Using state-of-the-art physics-based models, Veracity’s scientists in Perry, UT, are developing innovative approaches for reducing uncertainty and error in modeling service-life estimates of solid rocket motor (SRM) propellant. Veracity is developing the Missile Inventory Management System (MIMS) to use real-time sensor data in physics-based models to calculate service life for individual missiles. The goal is to reduce uncertainty by a minimum of 10 percent, resulting in greater confidence in the reliability of SRM weapon systems. MIMS is built to accommodate internet-of-things sensors feeding data into a standards-based Application Programming Interface (API). It then uses cloud-based infrastructure to perform complex calculations to automatically update the service-life assessments.
This project supports the Air Force Research Lab (AFRL), Rocket Propulsion Division, Edwards AFB Motor Aging and Surveillance Technology (MAST) Broad Agency Announcement.
Aging and Surveillance
At Veracity, we employ state-of-the-art analysis tools for aging and surveillance (A&S) of energetic materials. We support our customers throughout the A&S life cycle:
- Failure mode and effects analysis (FMEA)
- Test plan generation
- Data processing
- Chemical evolution modeling
- Safe-life and service-life calculations
- Reliability modeling
At each phase we work closely with material experts and engineers to ensure current scientific understanding and product familiarity.
We create advanced material models for energetic materials. Our experience includes creating models for polymeric binders, particulate reinforcement, and particulate agglomeration. We provide greatest value by quickly prototyping and verifying material models and then implementing them in production-ready code. At Veracity, we build models using Python, C++, and various other programming languages. We also have built models for integration into third-party analysis tools, such as user-defined mechanical behavior subroutines (UMAT) for Abaqus (finite element analysis tool).
Machine Learning
Veracity knows that understanding reliability and maintainability issues is a critical concern for the U.S. military commands that manage weapons systems and platforms. Many weapons systems are a complex collection of subsystems and components, with tracking occurring through many different data streams. However, a trove of unused data exists that is difficult to process to predict reliability and maintainability issues. Machine learning, often referred to as artificial intelligence (AI), offers an efficient means of processing this unused data.

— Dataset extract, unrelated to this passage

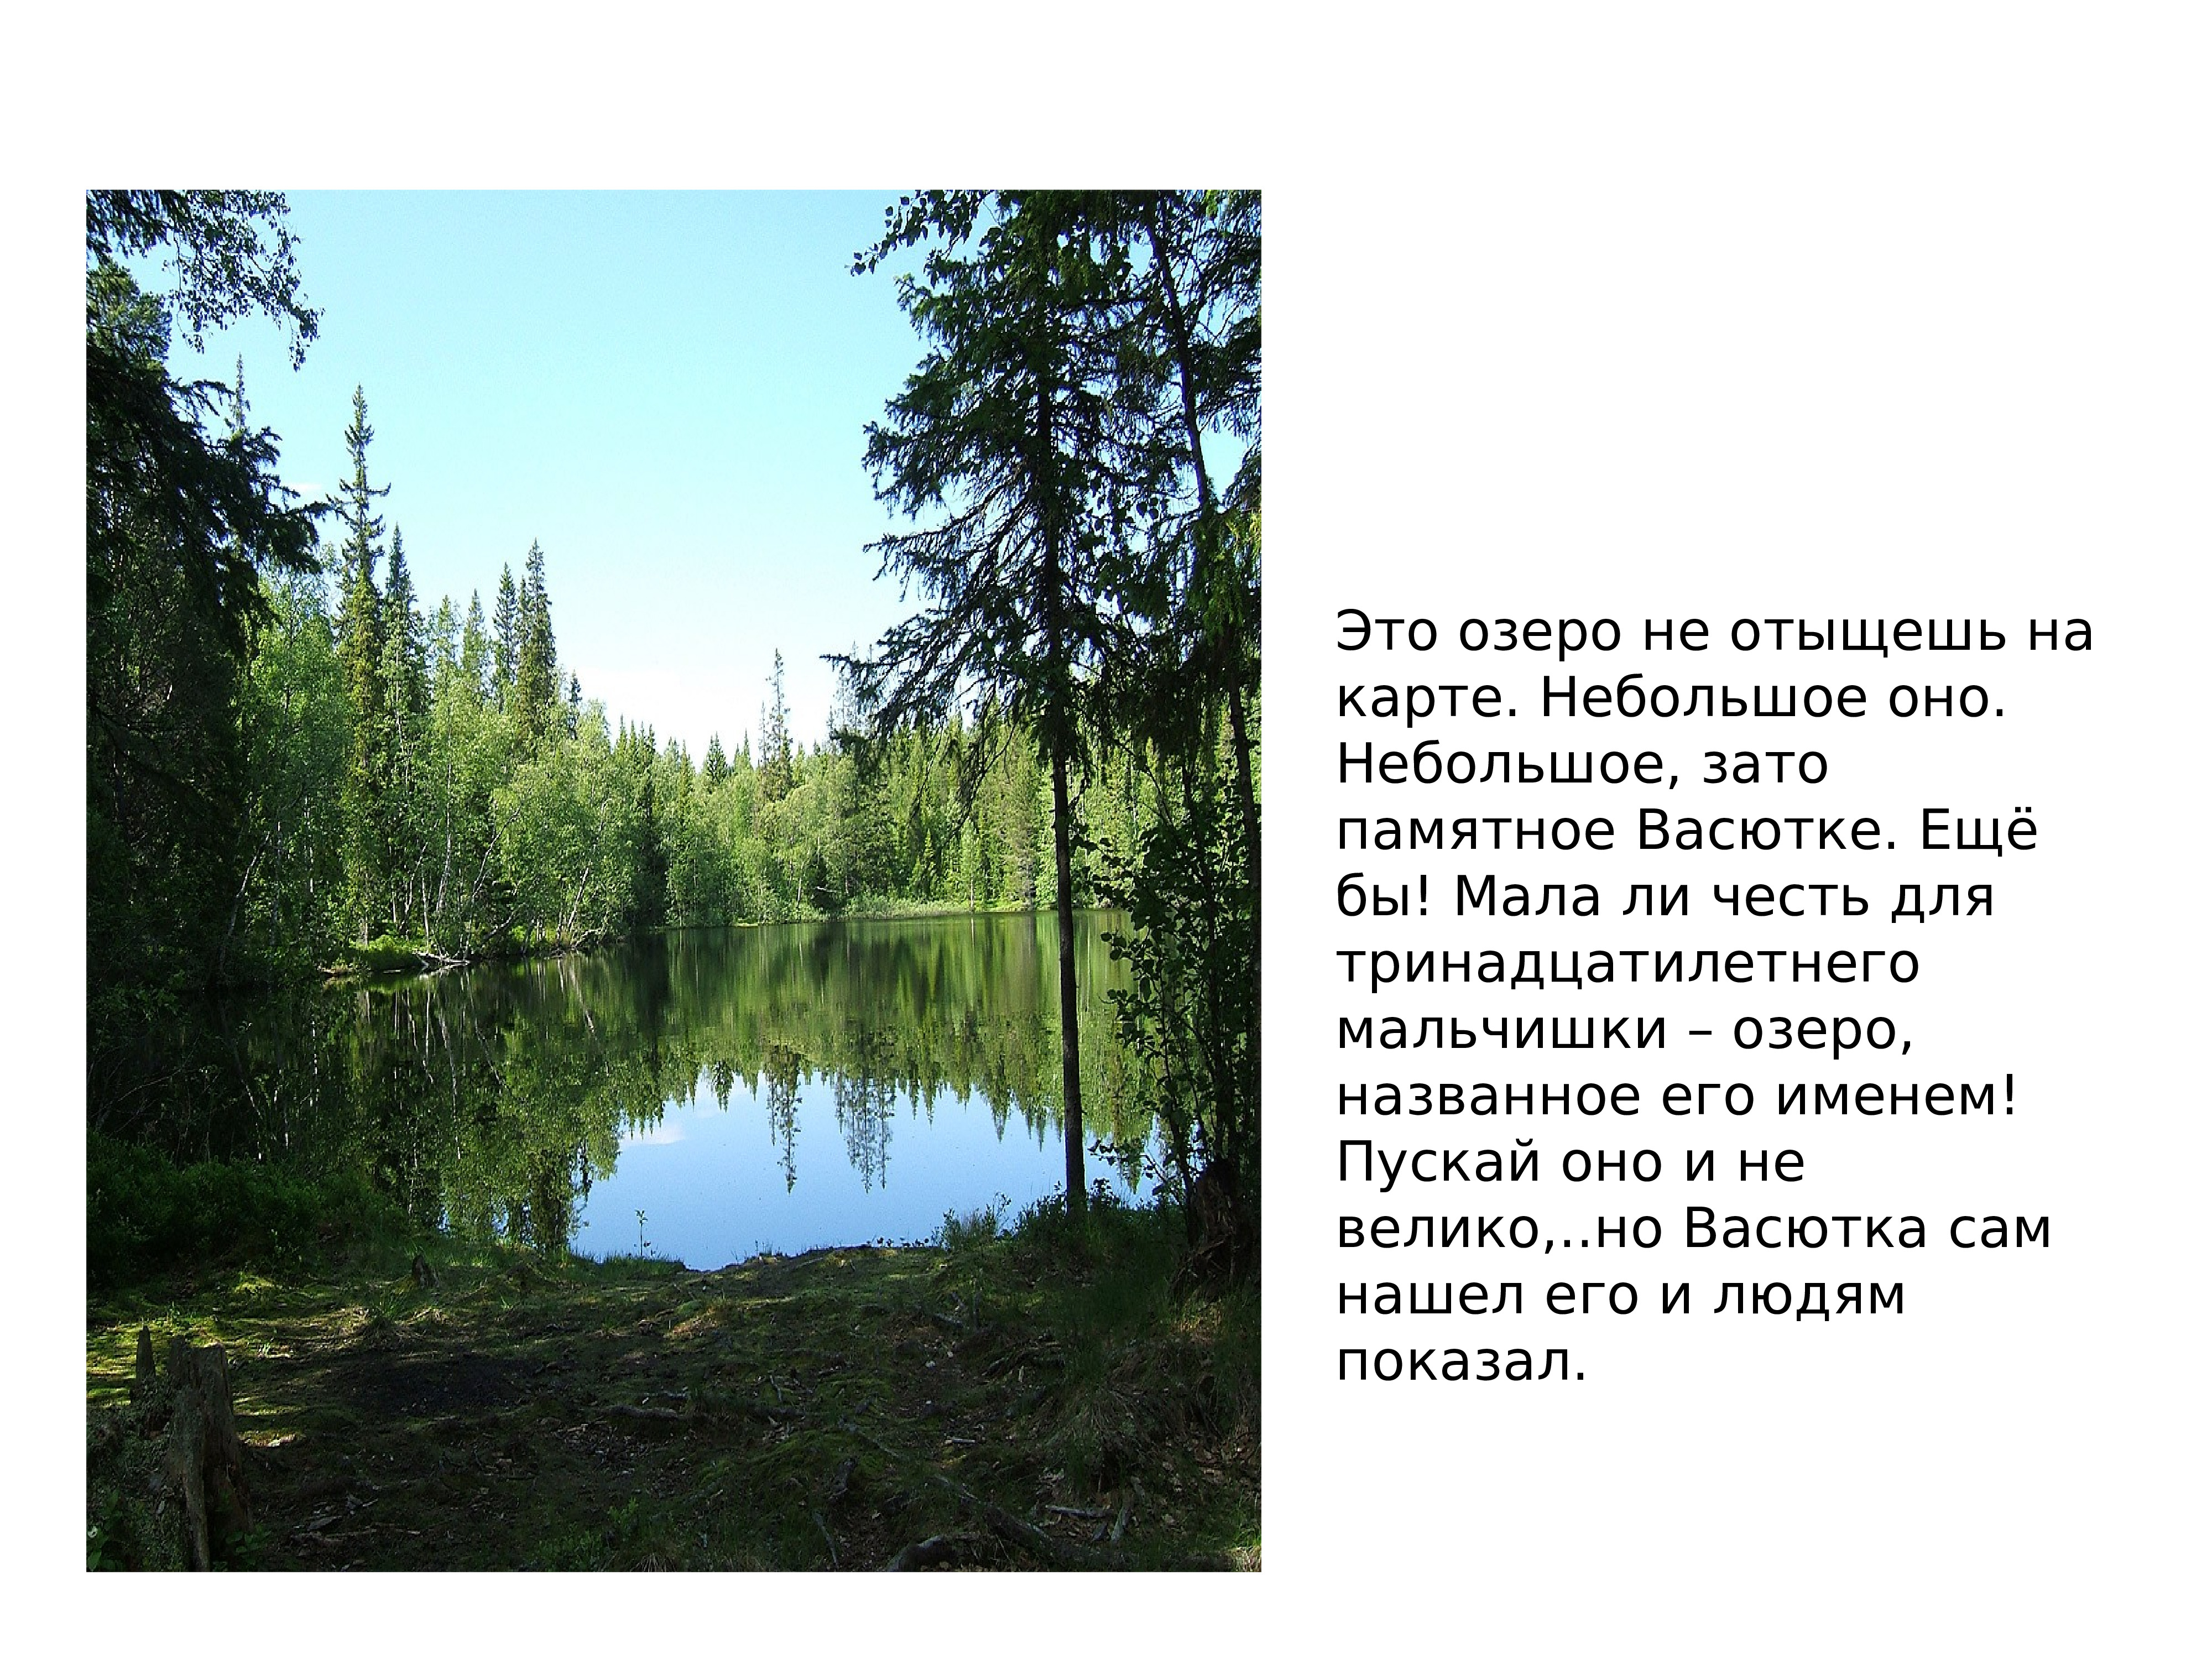 Васюткино озеро реальное озеро. Низовья Енисея Васюткино озеро. Васюткино озеро Астафьев Тайга. Васюткино озеро Красноярский край. Васюткино озеро озеро карта.
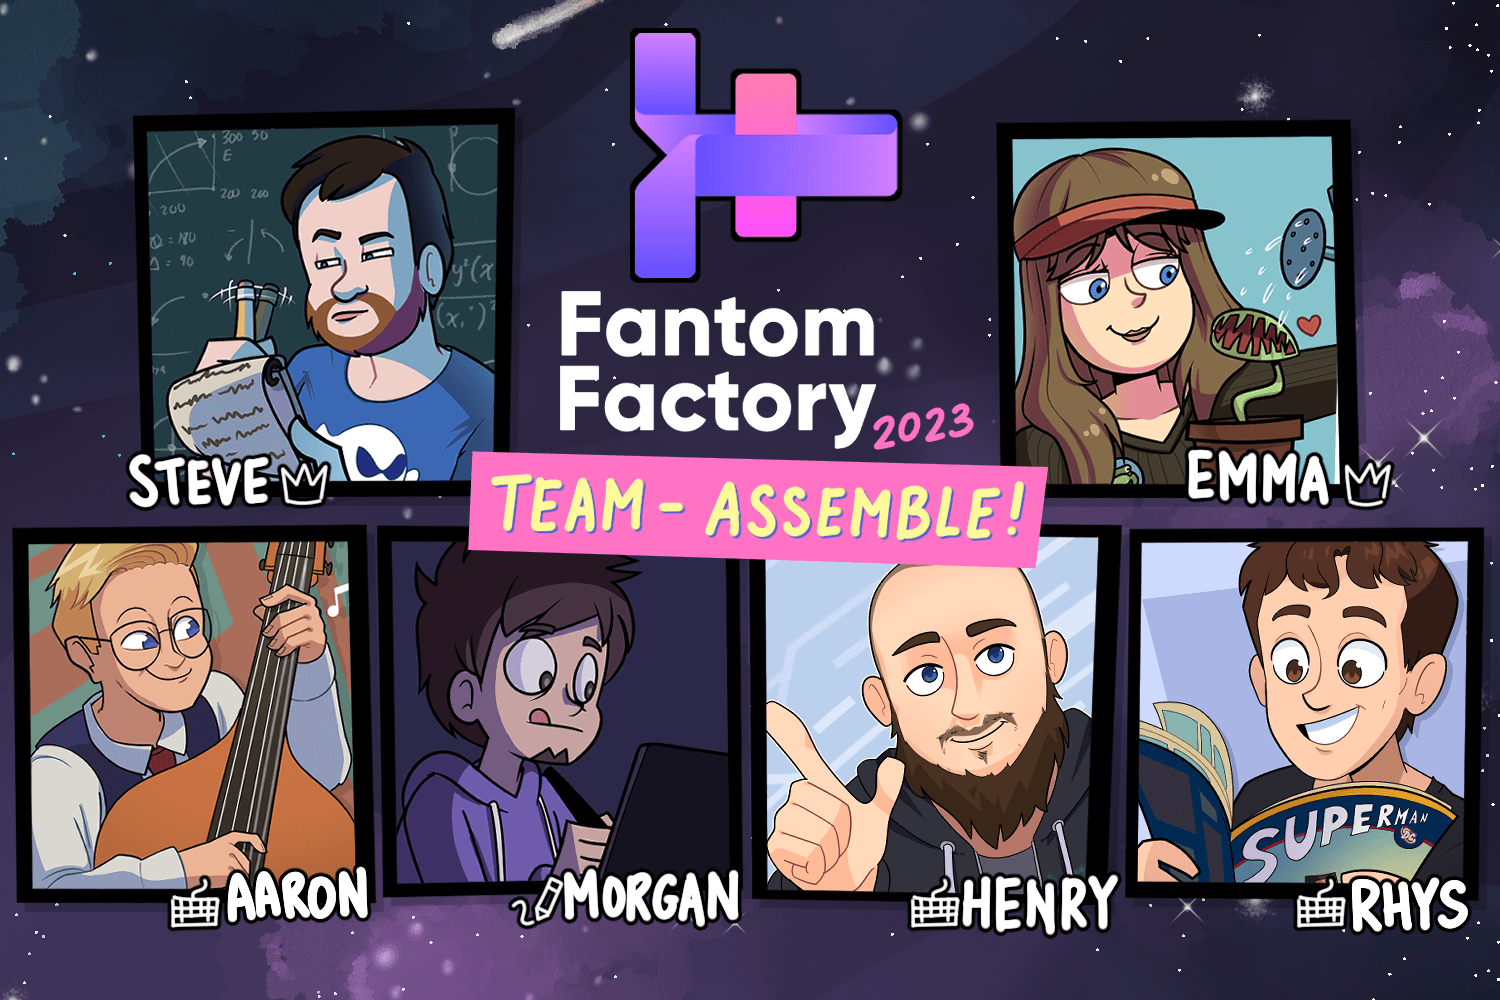 The Fantom Factory Team

Prior to becoming part of Systems Planning and Analysis, Veracity completed a phase I Small Business Innovative Research effort that used augmented machine learning to model rocket system reliability. Using notional data, we demonstrated that the methodology we developed reduced the average error in predicting overall weapon system reliability for a single missile by 65 percent. It also reduced the error in predicting reliability among all missiles by 35 percent. For individual missile components, our models can reduce error occurrence by 36 percent to 90 percent.
The Veracity approach is generic enough to cover arbitrary contribution levels from both traditional subject matter expert (SME)-informed reliability analysis and machine learning. As a result, Augmented Machine Learning can be used for all reliability analyses. In fact, given its generic nature, our approach for combining machine learning with traditional SME-informed models may be applied outside of reliability modeling in areas such as inventory and parts forecasting.